Achilles Therapeutics
In 2023, Achilles Therapeutics is expecting to dose 15 to 20 additional non-small cell lung cancer and melanoma patients in its ongoing CHIRON and THETIS trials evaluating its clonal neoantigen-reactive T-cell (cNeT) therapy. The Phase I/II CHIRON trial is assessing the safety, tolerability, and preliminary efficacy of the cNeT therapy, ATL001, in advanced, previously treated NSCLC patients; and the Phase I/II THETIS trial is gauging the safety, tolerability, and preliminary efficacy of the same therapy, either alone or in combination with Bristol Myers Squibb's checkpoint inhibitor Opdivo (nivolumab) in advanced, previously treated melanoma patients.
London-headquartered Achilles expects to see additional confirmed responses from patients in these trials, and to home in on biomarkers of clinical activity. "We're going to use our translational science platform to identify [cancer] features, … to deconvolute the [therapy's] mechanism, and to continue to push the process forward," said Achilles CEO Iraj Ali, adding that the goal is to lock in a pivotal study of the novel therapy.
Toward that end, Achilles has scaled up production capacity at the Royal Free Hospital, its good manufacturing practices facilities in England and the Cell & Gene Therapy Catapult manufacturing center, which the firm opened in 2022. Additionally, Achilles is working with a contract development manufacturing organization, the Center for Breakthrough Medicines, near Philadelphia. Ali said these facilities should be sufficient to deliver on the firm's clinical goals through Phase III trials.
Achilles' personalized immunotherapies involve targeting clonal neoantigens unique to individual patients' cancer cells using autologous T cells. The firm uses its genomic analysis platform, Peleus, to identify the tumor targets, and patient-derived dendritic cells to "educate" the T cells to target the clonal neoantigens. The firm shared encouraging, albeit early, safety and anti-tumor activity data from the two ongoing trials toward the end of 2022 and plans to present additional data in 2023.

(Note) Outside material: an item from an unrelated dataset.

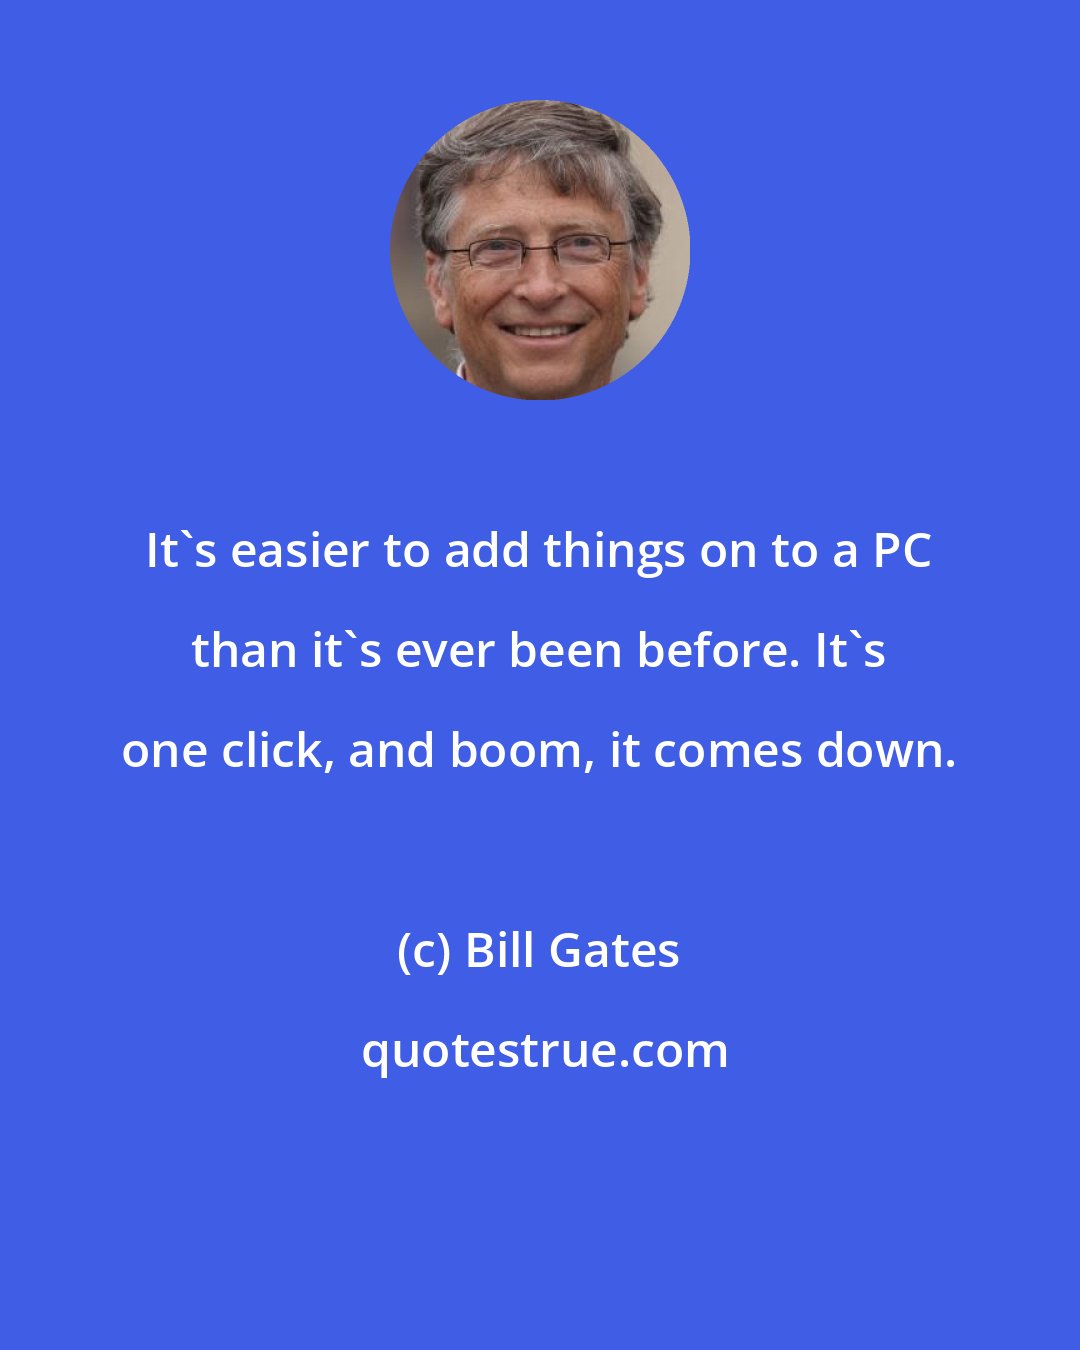 Bill Gates: It's easier to add things on to a PC than it's ever been before. It's one click, and boom, it comes down.
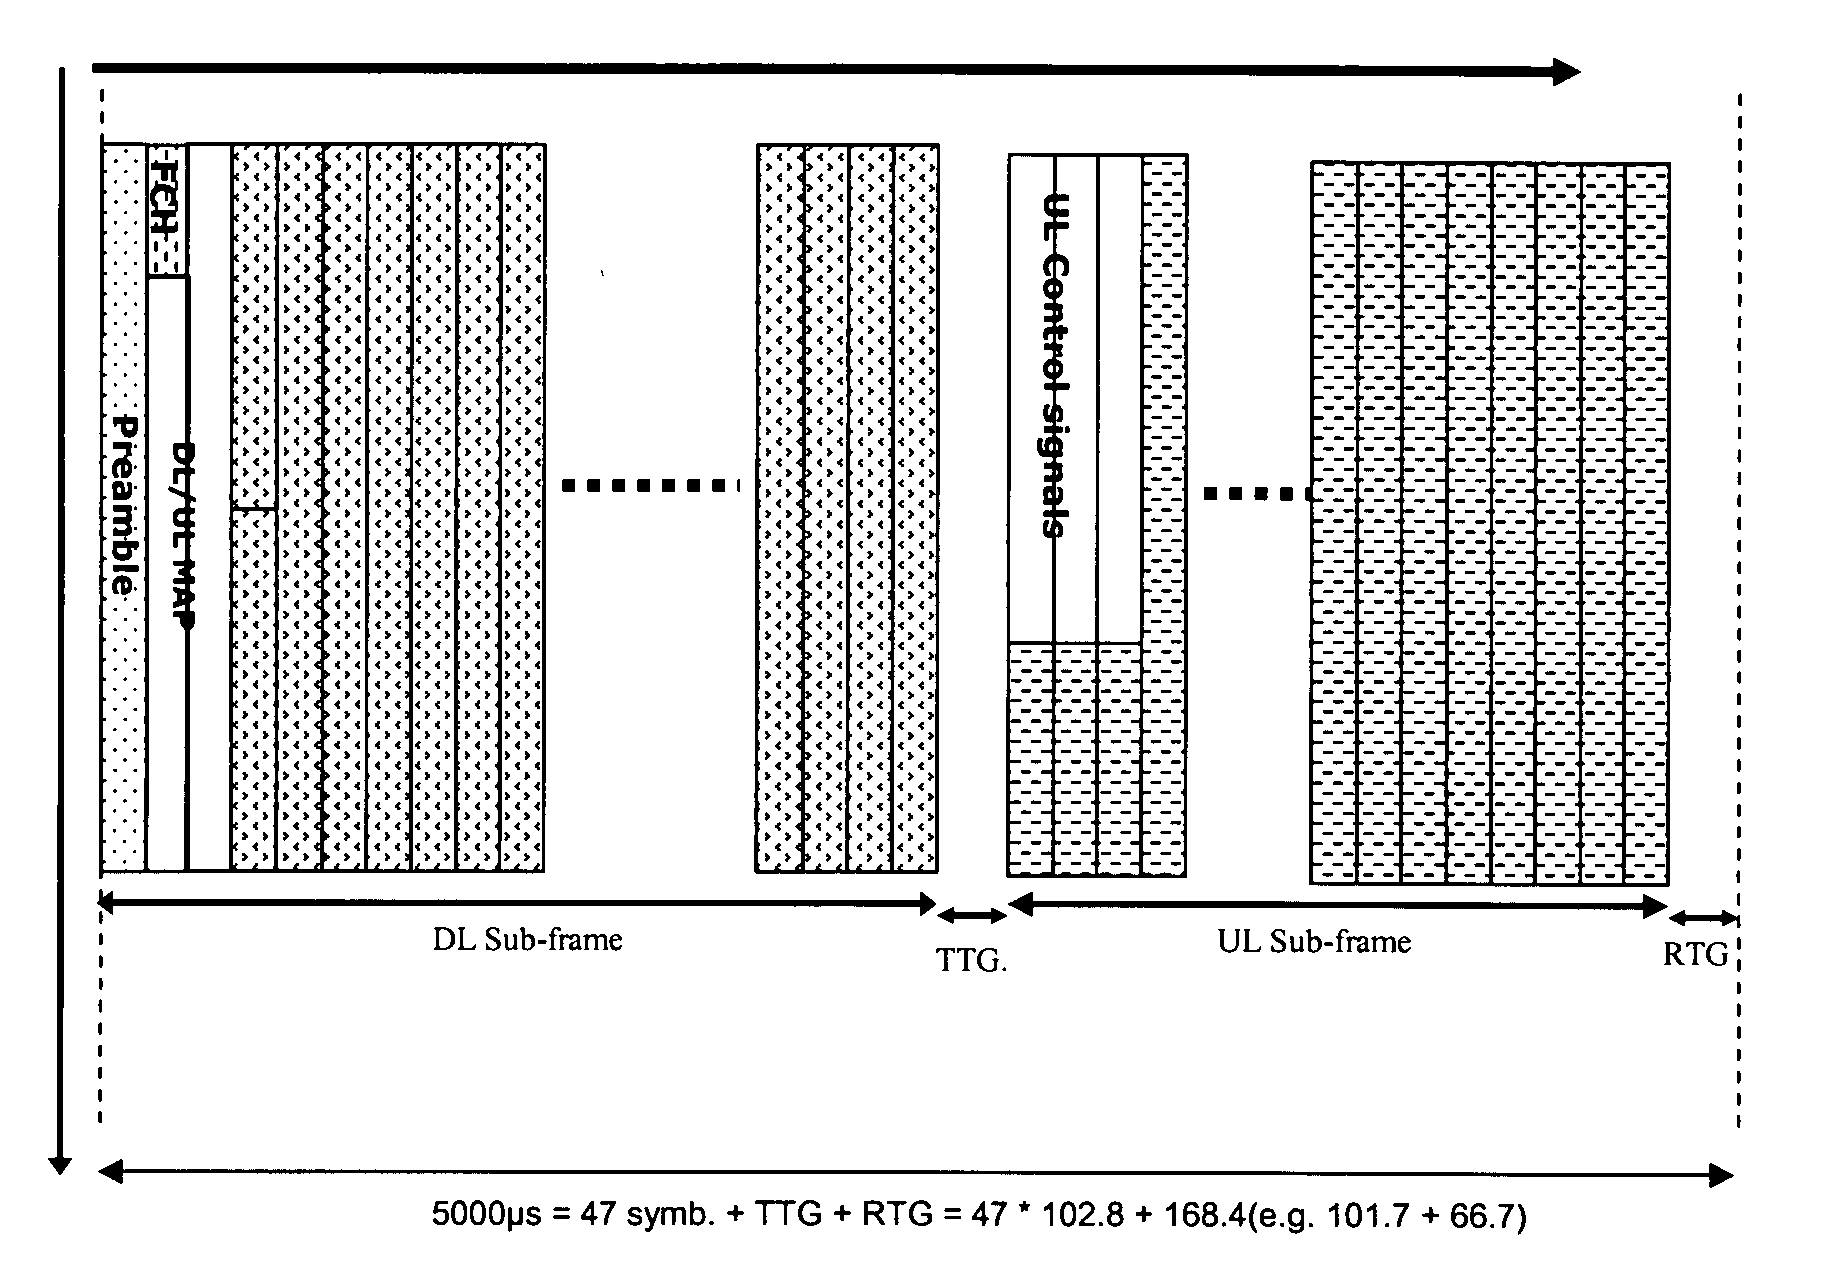 Systems and methods of supporting multiple wireless communication technologies

Ali also shared specifics on how the firm is approaching product characterization and potency assays — a process that other companies developing novel cell therapy approaches have struggled with in recent years. While certain aspects of these assays are proprietary, Ali said Achilles is using "very detailed flow cytometric analysis" to look at cytokine secretions such as interferon gamma and tumor necrosis factor alpha. With regard to biomarker identification, "what we want to do is identify the canonical features that predict for whether the patient will respond," Ali added. "That's how we intend to move the efficacy envelope forward on our product."